0

I have a ratings table, where each user can add one rating a day. But each user might miss several days between ratings.

I'd like to get the average rating for each user_id's first 7 entries of created_at.

My table:

mysql> desc entries;
+------------+------------------+------+-----+---------+----------------+
| Field      | Type             | Null | Key | Default | Extra          |
+------------+------------------+------+-----+---------+----------------+
| id         | int(10) unsigned | NO   | PRI | NULL    | auto_increment |
| rating     | tinyint(4)       | NO   |     | NULL    |                |
| user_id    | int(10) unsigned | NO   | MUL | NULL    |                |
| created_at | timestamp        | YES  |     | NULL    |                |
+------------+------------------+------+-----+---------+----------------+

Ideally I'd just get something like:

+------------+------------------+
| day        | average_rating   |
+------------+------------------+
| 1          | 2.53             |
+------------+------------------+
| 2          | 4.30             |
+------------+------------------+
| 3          | 3.67             |
+------------+------------------+
| 4          | 5.50             |
+------------+------------------+
| 5          | 7.23             |
+------------+------------------+
| 6          | 6.98             |
+------------+------------------+
| 7          | 7.22             |
+------------+------------------+

The closest I've been able to get is:

SELECT rating, user_id, created_at FROM entries ORDER BY user_id asc, created at desc

Which isn't very close at all...

Is it even possible? Will the performance be terrible? It's something that would need to run every time a web page is loaded, so would it be better to just run this once a day and save the results? (to another table!?)

edit - second attempt

Working towards a solution, I think this would get the rating for each user's first day:

select rating from entries where user_id in
    (select user_id from entries order by created_at limit 1);

But I get:

ERROR 1235 (42000): This version of MySQL doesn't yet support 'LIMIT & IN/ALL/ANY/SOME subquery'

So now I'm going to play around with JOIN to see if that helps.
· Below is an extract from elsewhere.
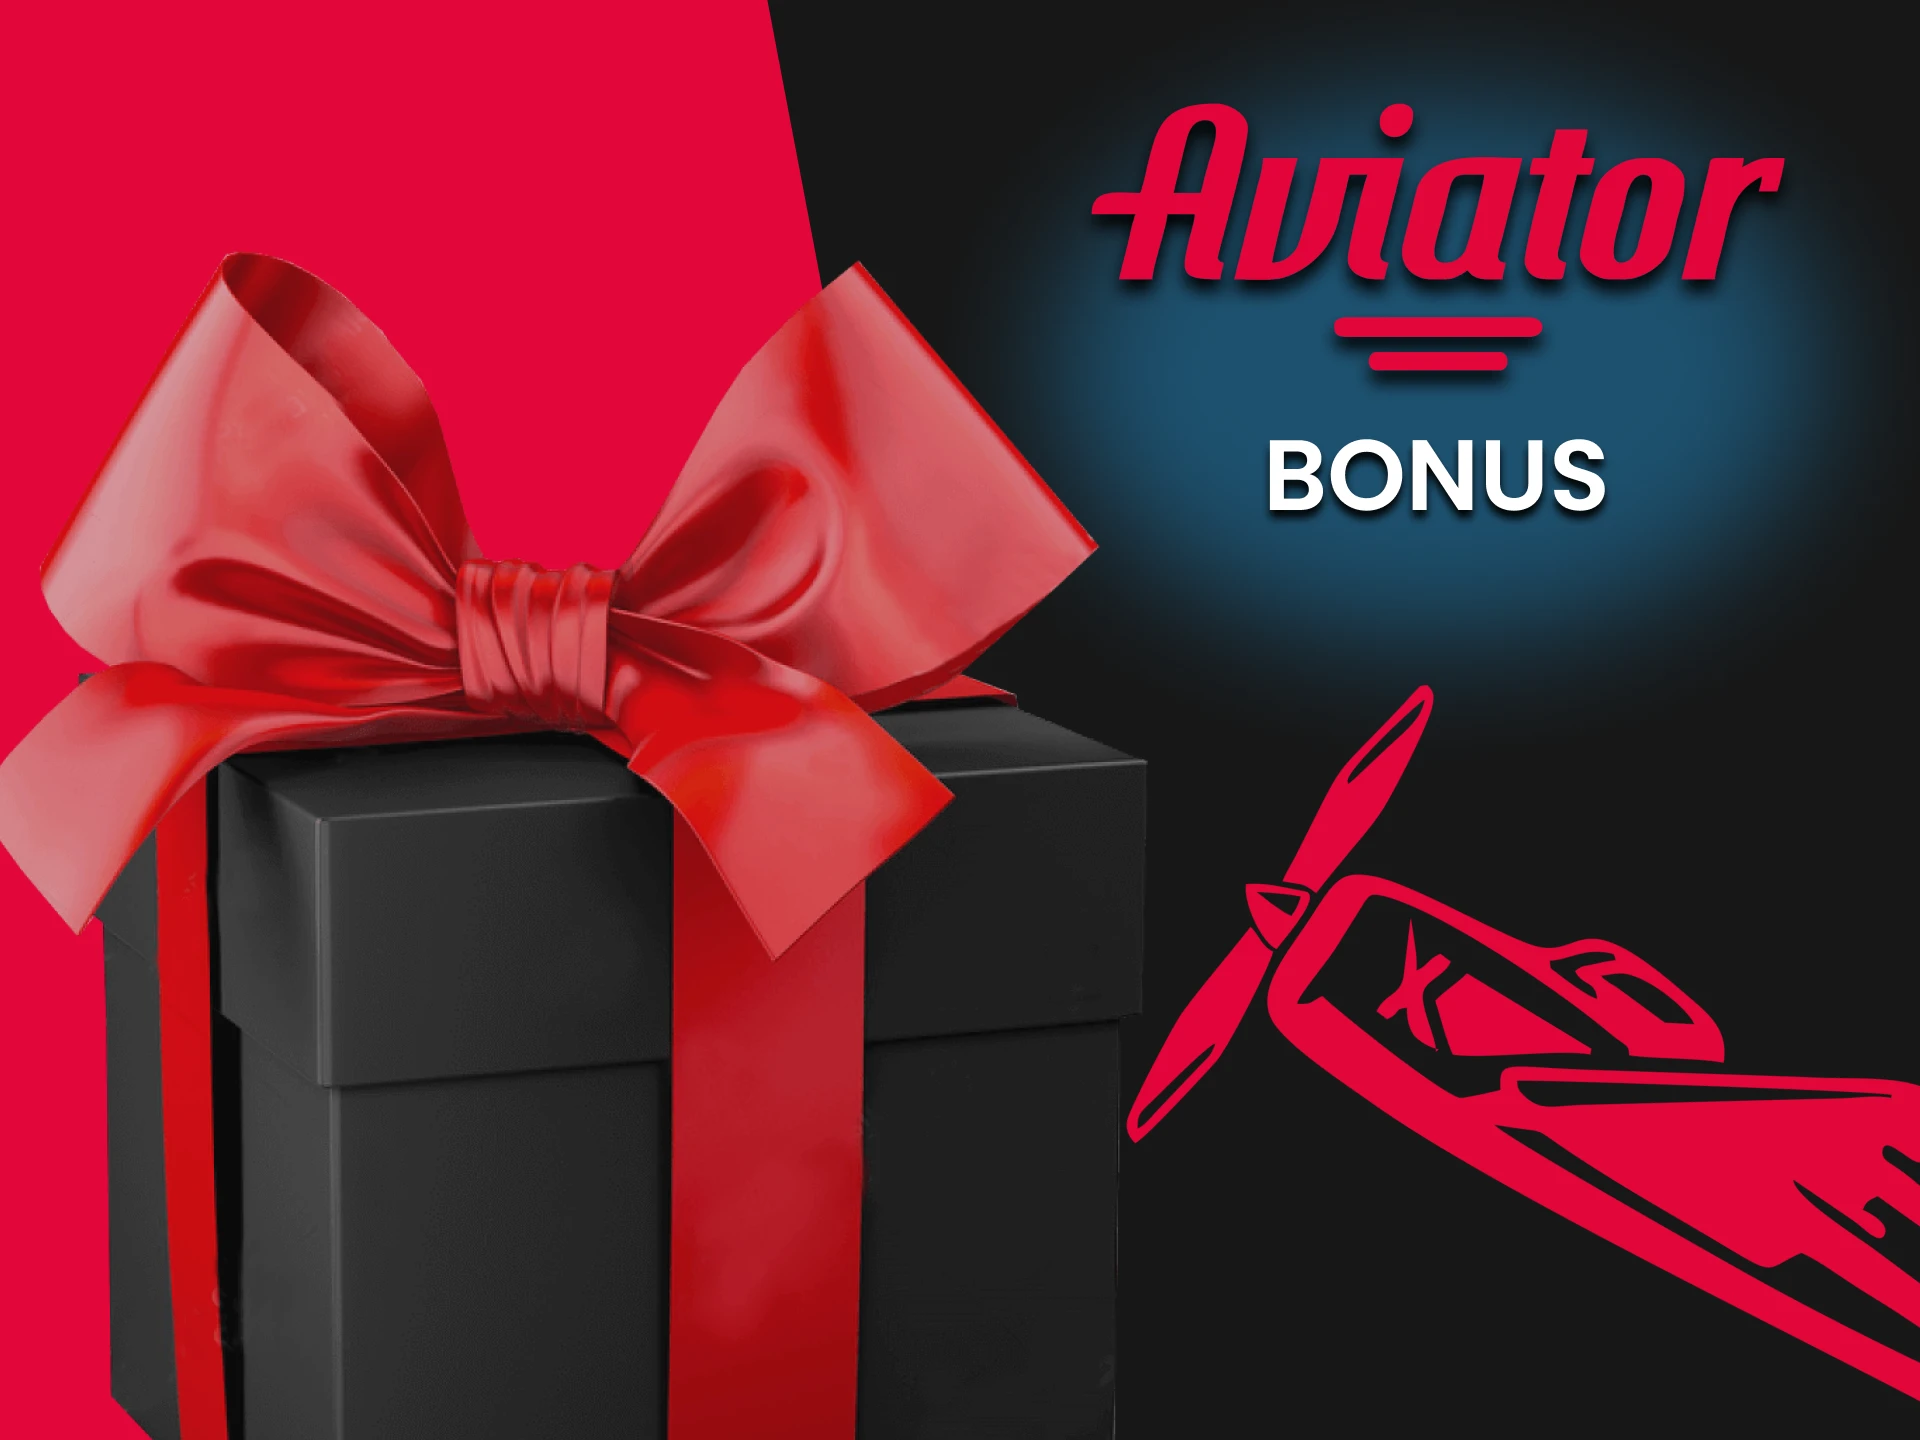 Il existe de nombreux bonus pour le jeu Aviator.
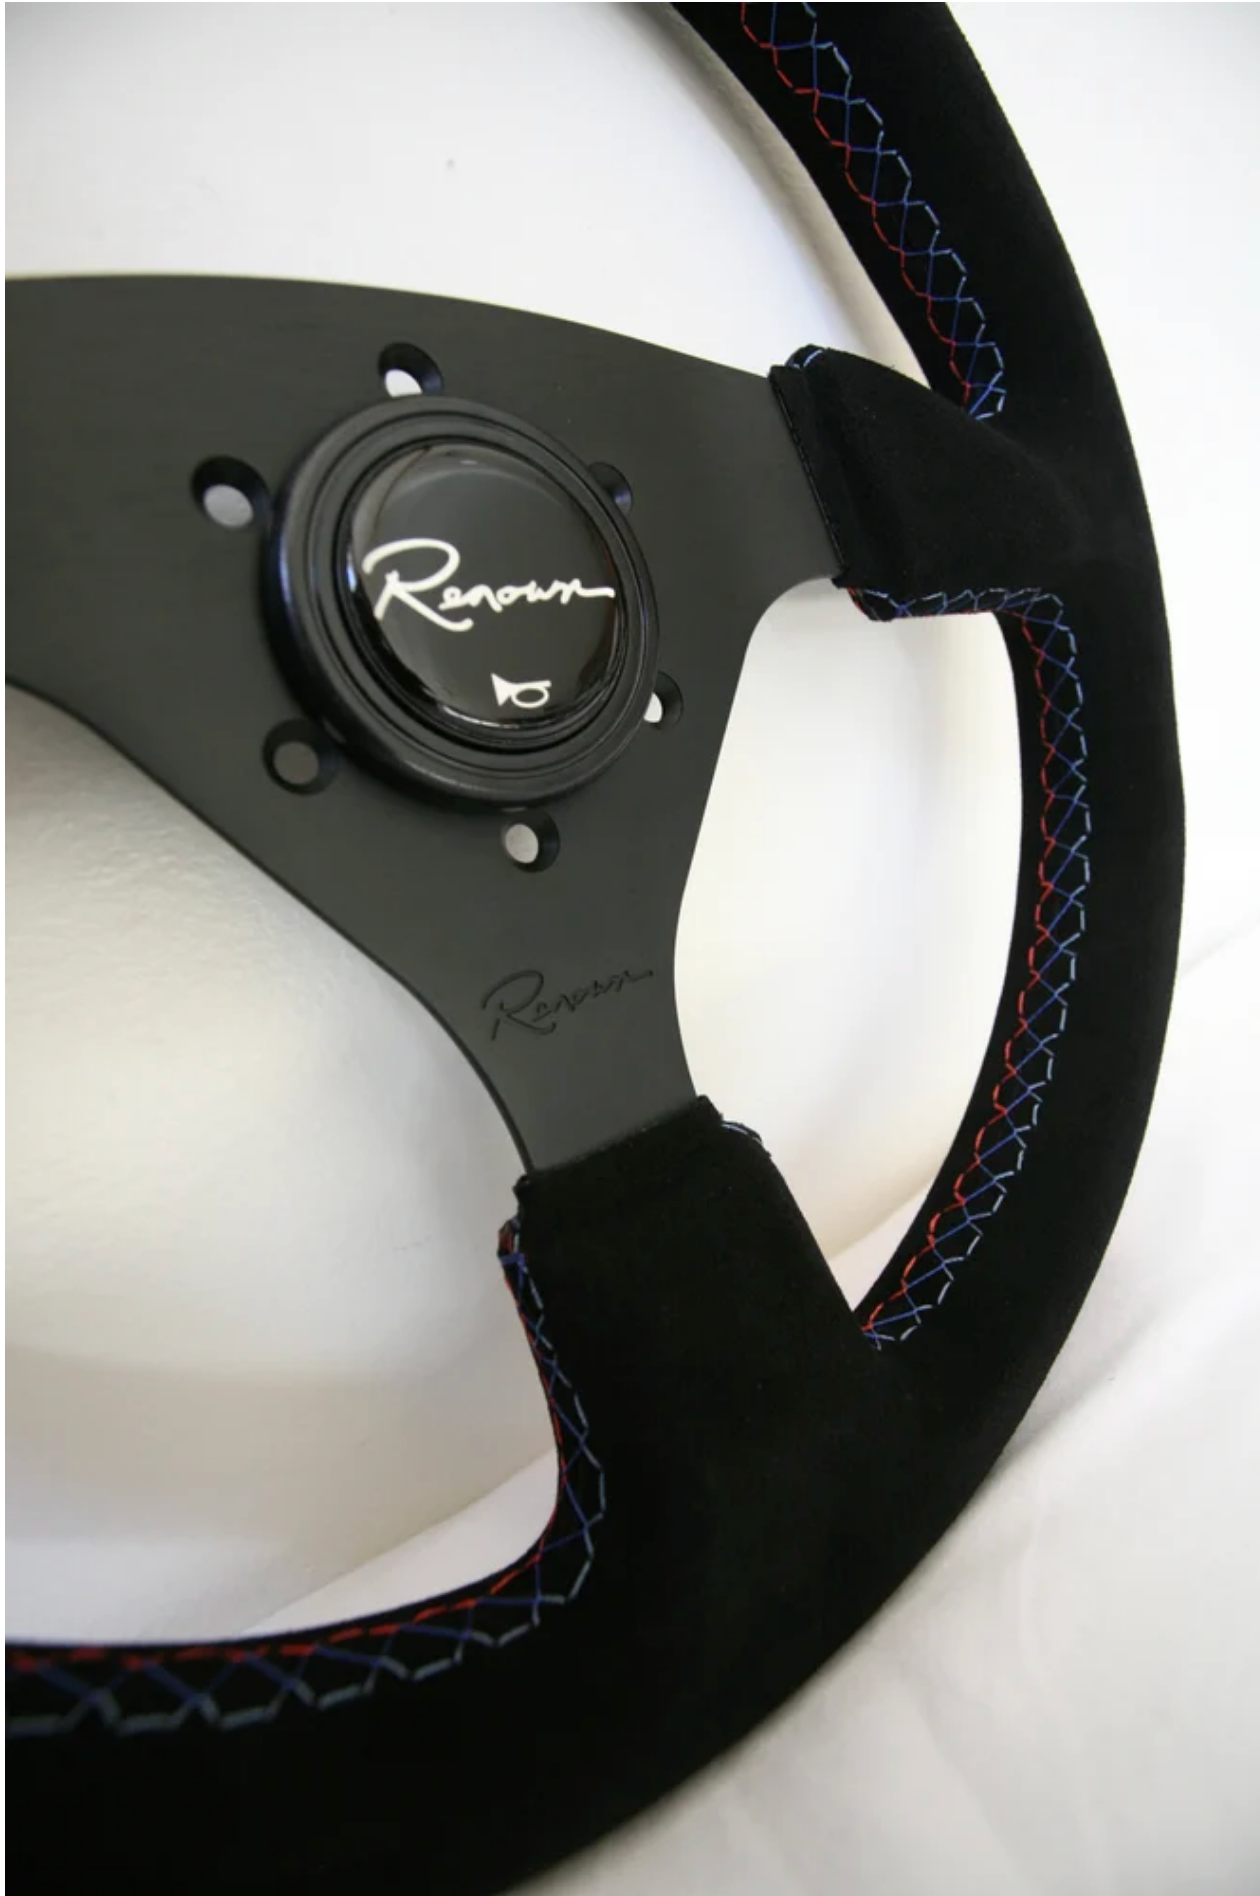 Renown Clubsport Motorsport Steering Wheel

edit - third attempt, getting closer

I found this stackoverflow post, which is closer to what I want.

select e1.* from entries e1 left join entries e2 
on (e1.user_id = e2.user_id and e1.created_at > e2.created_at) 
where e2.id is null;

It gets the rating for the first day for each user.

Next step is to work out how to get days 2 to 7. I can't use 1.created_at > e2.created_at for that, so I'm really confused now.

edit - fourth attempt

Okay, I think it's not possible. Once I worked out how to turn off 'full group by' mode, I realised I'll probably need to use a subquery with limit <user_id>, <day_num>, for which I get:

ERROR 1235 (42000): This version of MySQL doesn't yet support 'LIMIT & IN/ALL/ANY/SOME subquery'

My current method is to just get the entire table, and use PHP to calculate the average for each day.

Community
  • 1
  • 1
david_nash
  • 678
  • 7
  • 14
  • 2
    You're going to need row number here, as well as a calendar table to fill in the missing days for a given user, should they occur. – Tim Biegeleisen Feb 14 '17 at 04:32
  • Okay thanks - you're saying add a day_number column to the table? Not sure what you mean by the calendar table. If user1 first rates on Jan 1 and next Jan 2, and user2 rates first on March 1 and then August 1, I need the average rating for all users first and second days, regardless of when they occur. – david_nash Feb 14 '17 at 06:23
  • The missing dates have to come from _somewhere_, since they're not in your original table. And the row numbers also have to come from somewhere. – Tim Biegeleisen Feb 14 '17 at 06:24
  • I'm still not sure I understand. If a user signs 5 years after the first user, do I need to create a row for the missing dates for every day the user missed? Those missing dates aren't going to effect the average for "Day N" of all users. I would think that MySQL would be able to look at the first rating for all users, and tell me the average rating without needing a separate field for missing dates or the day_number (which would always be 1 for the earliest rating date, and N for the Nth rating date.). Maybe I'm not able to explain this clearly because I don't understand it well enough :) – david_nash Feb 14 '17 at 10:10
  • In order to calculate and assign averages for the first N days, you first need to have records representing each day. Note that if on a certain day, e.g. Christmas, no users had any activity, then there is NO way to report ANYTHING for this day. Hence, you need a calendar table. – Tim Biegeleisen Feb 14 '17 at 10:19
  • Okay thanks Tim. I'm not interested in the calendar. The result I want is a graph showing how user's ratings change over the first 7 days of their use of the product. The idea is, they start off low and by the end they love it. Regardless of when any user starts or finishes. The graph won't be labelled with dates, it'll be labelled with "Day 1" etc (see my ideal results table). Hope this makes sense! And thanks for your working this through with me. – david_nash Feb 14 '17 at 19:22

1 Answers1

1

If I understand correctly you want to take the last 7 ratings the user gave, ordered by the date they gave the rating. The last 7 ratings of one user may fall on different days to another user, however they will be averaged together regardless of date.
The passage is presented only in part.